### [Input data]
((

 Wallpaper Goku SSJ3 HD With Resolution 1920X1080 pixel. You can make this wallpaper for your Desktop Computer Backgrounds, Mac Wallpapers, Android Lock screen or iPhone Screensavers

))
((

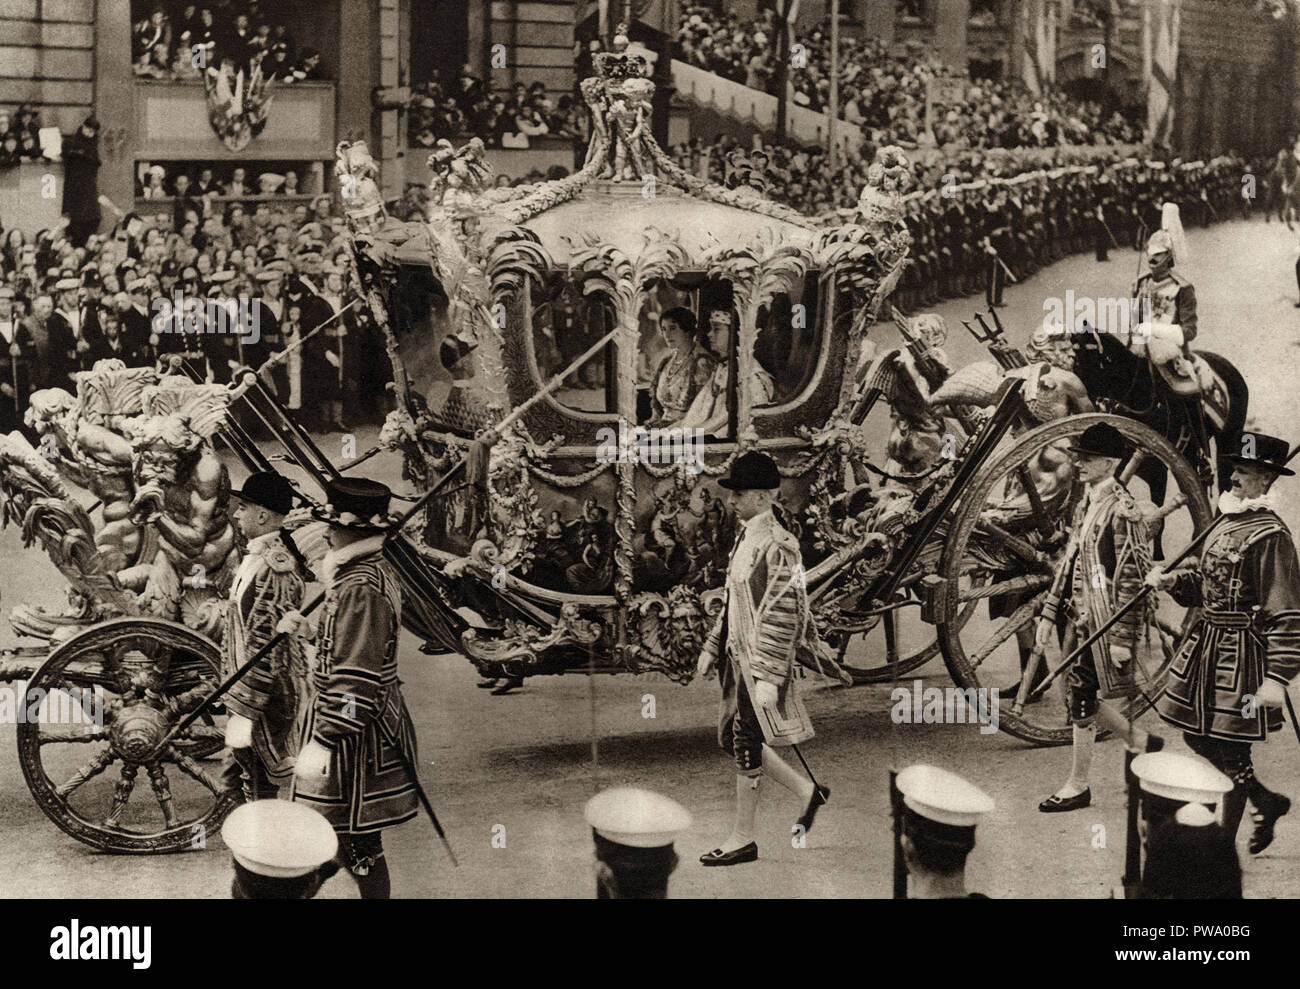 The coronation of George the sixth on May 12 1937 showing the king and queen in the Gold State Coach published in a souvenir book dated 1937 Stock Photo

))
((

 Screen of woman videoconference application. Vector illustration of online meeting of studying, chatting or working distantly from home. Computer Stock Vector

))

### [Exercise]
Of the lines above, copy each that contains "Computer".

### [Problem solution]
 Wallpaper Goku SSJ3 HD With Resolution 1920X1080 pixel. You can make this wallpaper for your Desktop Computer Backgrounds, Mac Wallpapers, Android Lock screen or iPhone Screensavers
 Screen of woman videoconference application. Vector illustration of online meeting of studying, chatting or working distantly from home. Computer Stock Vector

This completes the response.